§ AVAILABLE DATA
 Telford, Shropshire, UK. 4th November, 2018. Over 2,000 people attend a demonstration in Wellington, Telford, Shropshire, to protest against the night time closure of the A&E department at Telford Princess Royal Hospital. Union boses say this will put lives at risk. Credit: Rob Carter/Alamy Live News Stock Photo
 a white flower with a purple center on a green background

* * *

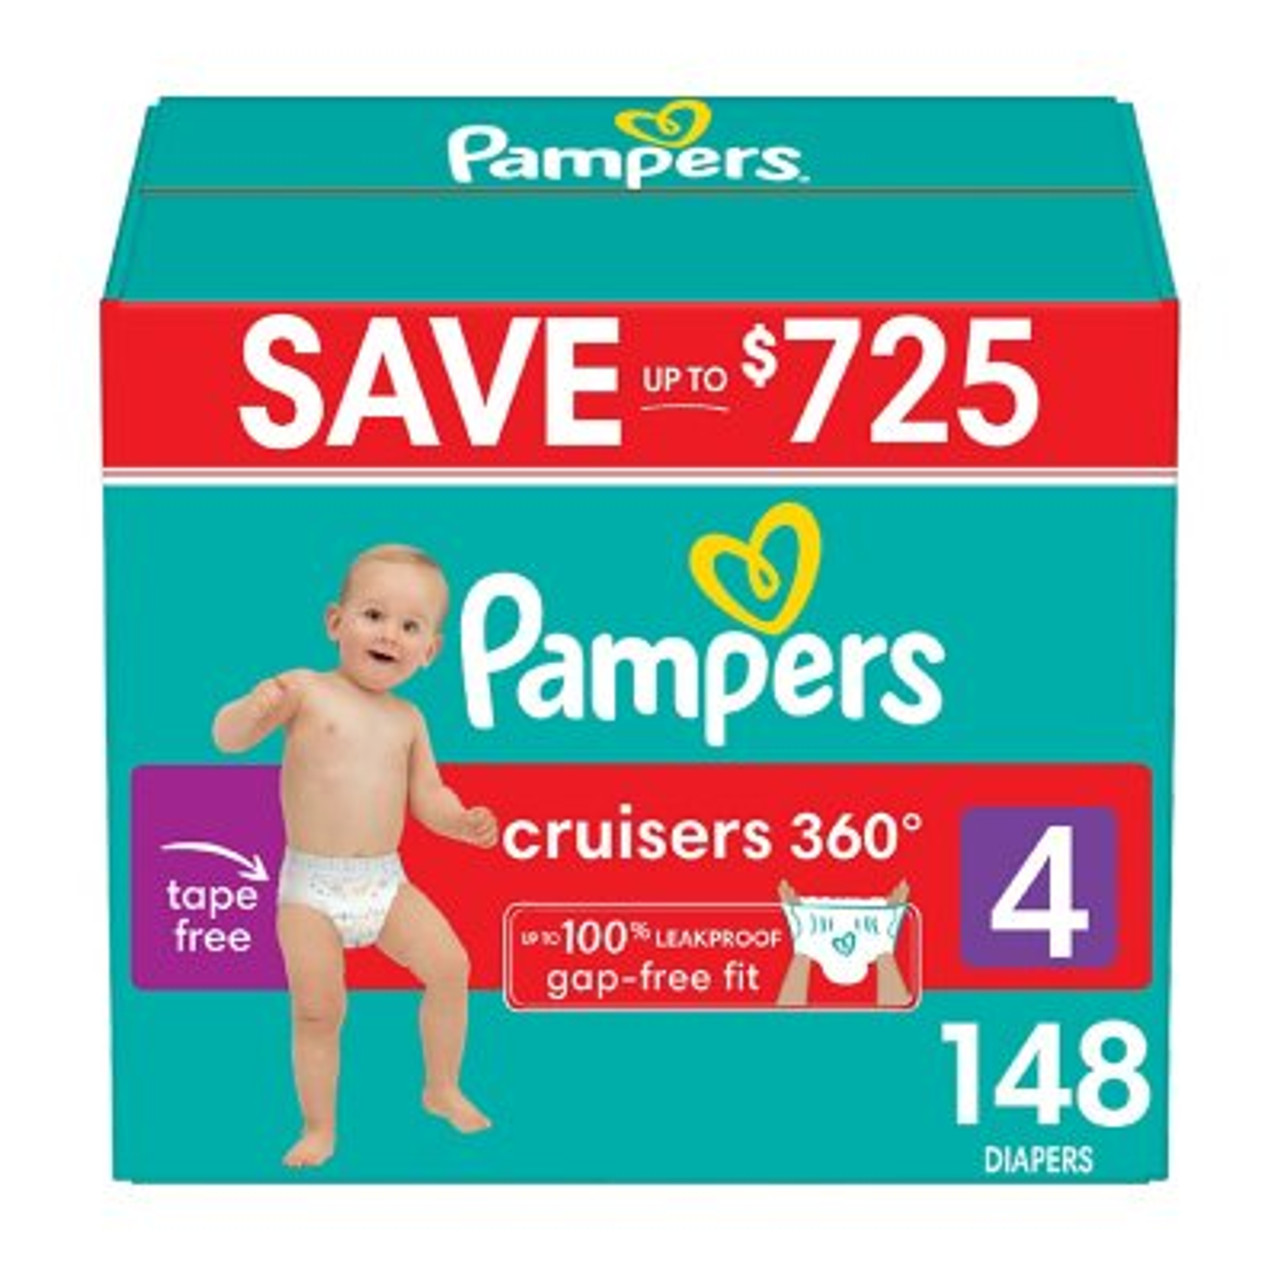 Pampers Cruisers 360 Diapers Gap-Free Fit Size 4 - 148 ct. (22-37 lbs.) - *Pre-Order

§ EXERCISE REQUIREMENTS
From the line holding "Telford, Shropshire, UK." to the line holding "a white flower", inclusive, restate each line above exactly as written.

§ EXERCISE OUTPUT
 Telford, Shropshire, UK. 4th November, 2018. Over 2,000 people attend a demonstration in Wellington, Telford, Shropshire, to protest against the night time closure of the A&E department at Telford Princess Royal Hospital. Union boses say this will put lives at risk. Credit: Rob Carter/Alamy Live News Stock Photo
 a white flower with a purple center on a green background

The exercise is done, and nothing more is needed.